A week before bombs started falling in Ukraine, The US Cybersecurity and Infrastructure Security Agency (CISA) issued a "Shields Up" warning for US interests. The warning was followed by warnings of apocalyptic cyberattacks from pundits across the news and political spectrum. While the disastrous attacks have yet to materialize, there are still warnings to be noted and steps to be taken to minimize the chance of your organization becoming a casualty of a war that shows no signs of ending soon.
Now, for those who haven't yet read the "Shields Up" notice, here's the tl;dr version: "You know all that cybersecurity stuff we've been telling you to do for the last decade? We meant it. And we REALLY mean it now." There was nothing groundbreaking in the notice, no news of grand new threats or suggestions for bold new actions. Just a solid, screaming-red reminder that good cybersecurity practices are the best protection we have against everything from ransomware to zero-day attacks.
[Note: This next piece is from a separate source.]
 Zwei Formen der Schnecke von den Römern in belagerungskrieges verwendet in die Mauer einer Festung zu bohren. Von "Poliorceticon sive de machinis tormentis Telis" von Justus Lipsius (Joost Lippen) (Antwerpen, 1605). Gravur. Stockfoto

But since we're all looking for something to make us feel that we’re doing something special in response to a special set of circumstances, here's the best single approach you can take to leveling up your enterprise cybersecurity: Make better communications a higher priority.
Be a Good Listener
This is a 360-degree suggestion for communications. Start by listening to every reliable source of information you can find. If you're involved in any sort of critical infrastructure, for example, your organization should be a member of InfraGard, an FBI/private sector partnership for sharing information. There are similar partnerships, both more and less formal, in other market sectors. Make sure you have someone taking part in any for which you’re eligible.
Dedicate staff time to learning about new threats, new options for response, and the current state of the threat environment. If your staff is large enough, give different members "beats," or assignments to monitor particular information channels or topics. If the staff is smaller, work together to identify these information channels or topics, then make sure that some time is dedicated within each week to monitoring the sources for the latest developments. Then share the information that comes from the research.
You obviously want to share the information within the security and IT staff, but you should also plan to share the information with the rest of the organization. These are stressful times and good information will help keep employees feeling that they're more in control because you're telling them what's happening and what they can do about it. Be sure to communicate this in a language that's concise, nontechnical, and friendly. If you're looking for a disciplined way to do this, consider something like the pecha kucha format — 20 slides for 20 seconds each.
Another set of communications should be happening with your supply chain. This is an era in which regular communications with cloud providers, hosting companies, SaaS providers, and others should be frequent and regular. Ask them what they're doing to protect their infrastructure, what they're doing to protect your assets, and what their other customers are doing that seems to be working. Then share your strategies, your wins, and your concerns. Stressful times are not the occasion to go alone — take advantage of the collective knowledge of your supply chain.
It might be tempting to dismiss all of this as touch-feely activity in lieu of real action. It's not. Lack of communication leads to the proliferation of gaps in knowledge and protection — gaps that are the perfect hiding places and points of vulnerability for threat actors. Keep your most valuable cybersecurity assets — your people — at their strongest by making sure they are communicating within the organization and outside. Make communication a priority, and your organization will come out of 2022 stronger than when it walked in.